2. Move the cursor over the small square at the bottom right corner
(vortex) or the outlined rectangle. The cursor becomes a small plus sign
+.
3. Drag and drop the plus sign + to the last cell.
      This process can be used to copy a formula in a vertical or
horizontal range of cells.
Begin at cell H2 and drag down to H32. Click any of these cells to
see the formula entered into that cell.
Another suggestion: Do this for one sheet. Also enter the Headings
in cells A1, B1, and H1. Now highlight a block of cells containing
columns A through H and rows 1 through 32. A1 should be at the top left
of this block of cells, and H32 should be at the bottom right of it.

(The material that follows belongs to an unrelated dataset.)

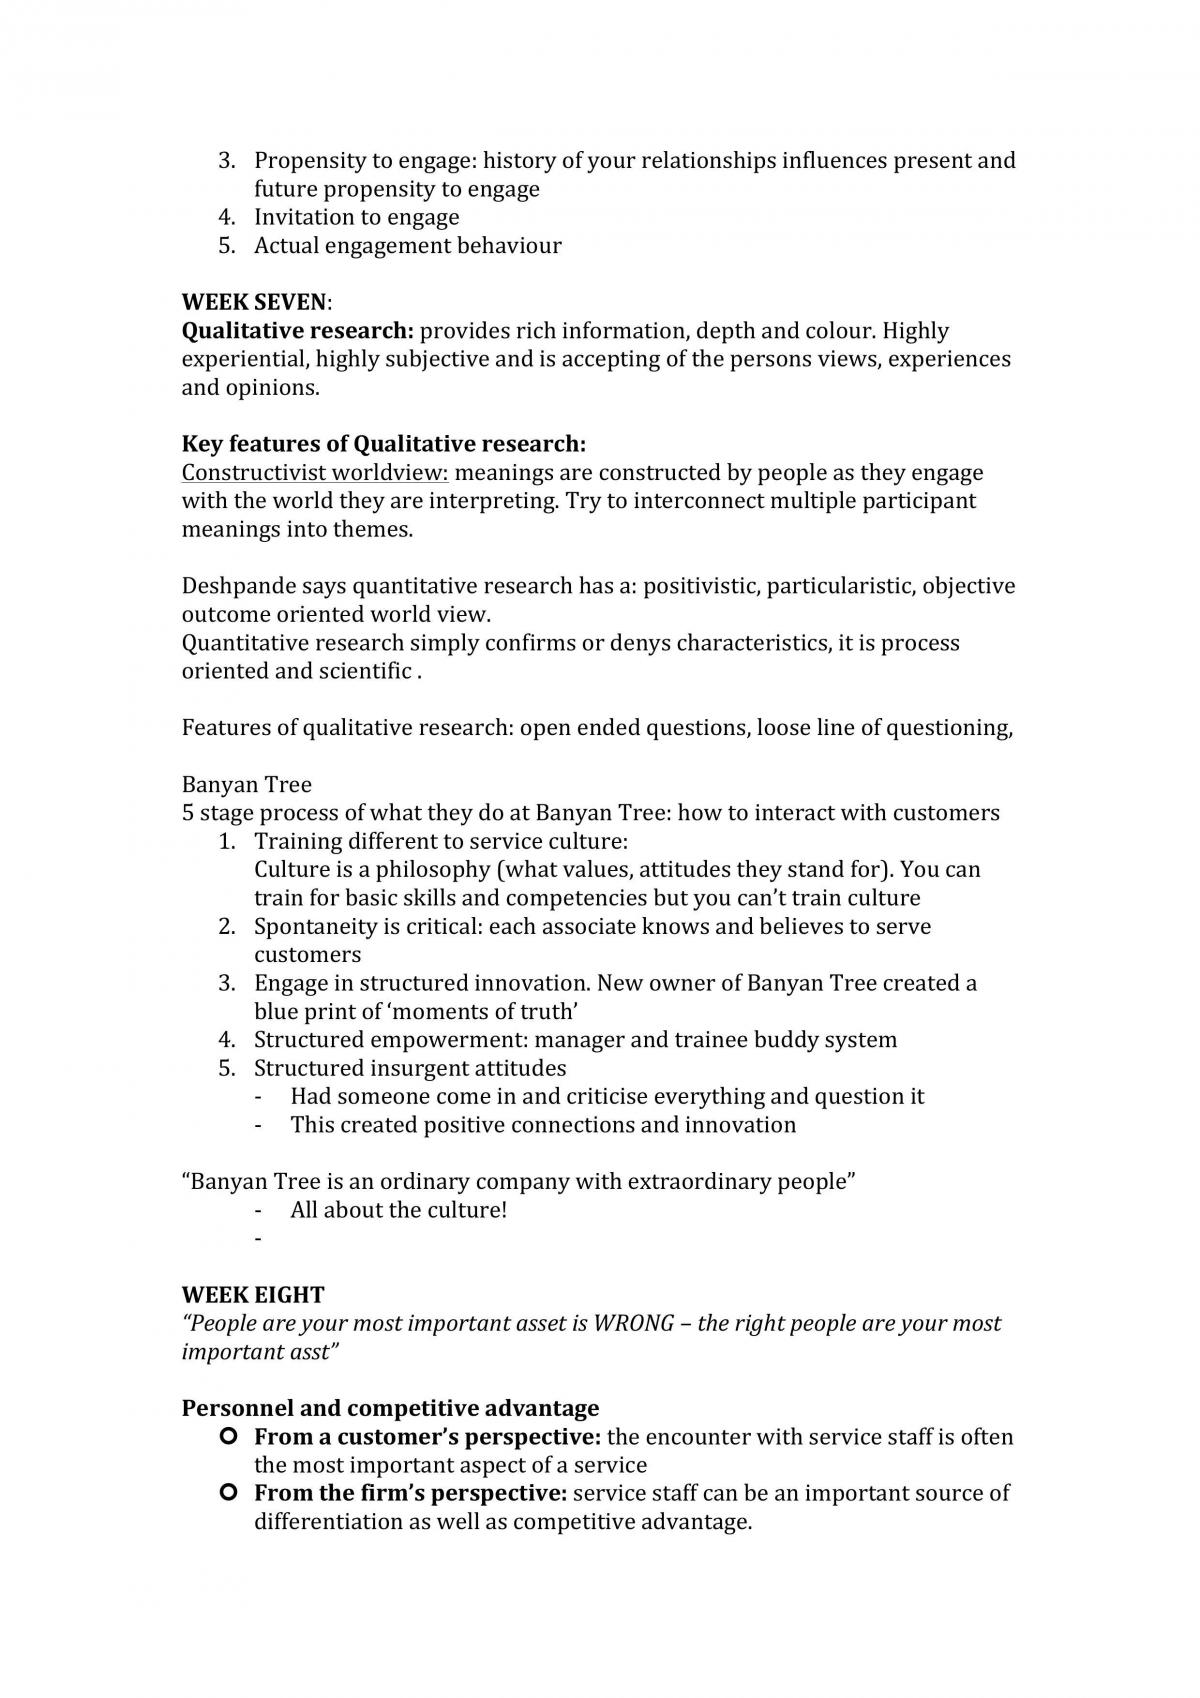 Services Marketing Complete Notes - Page 19

Copy this. In each of the sheets, paste this block of cells into cell
A1. You have now formated the sheets and entered the formulas in column
H.
      Now to modify the formulas of each sheet: click cell H2. The
formula appears in the window above the column headers. Change the rate
to what you want in that sheet and click the green check mark to the
left of the window. (It only appears after you change something in this window.) Now drag and drop the formula down to cell H32. Do this for all
the cells. You should be good to go.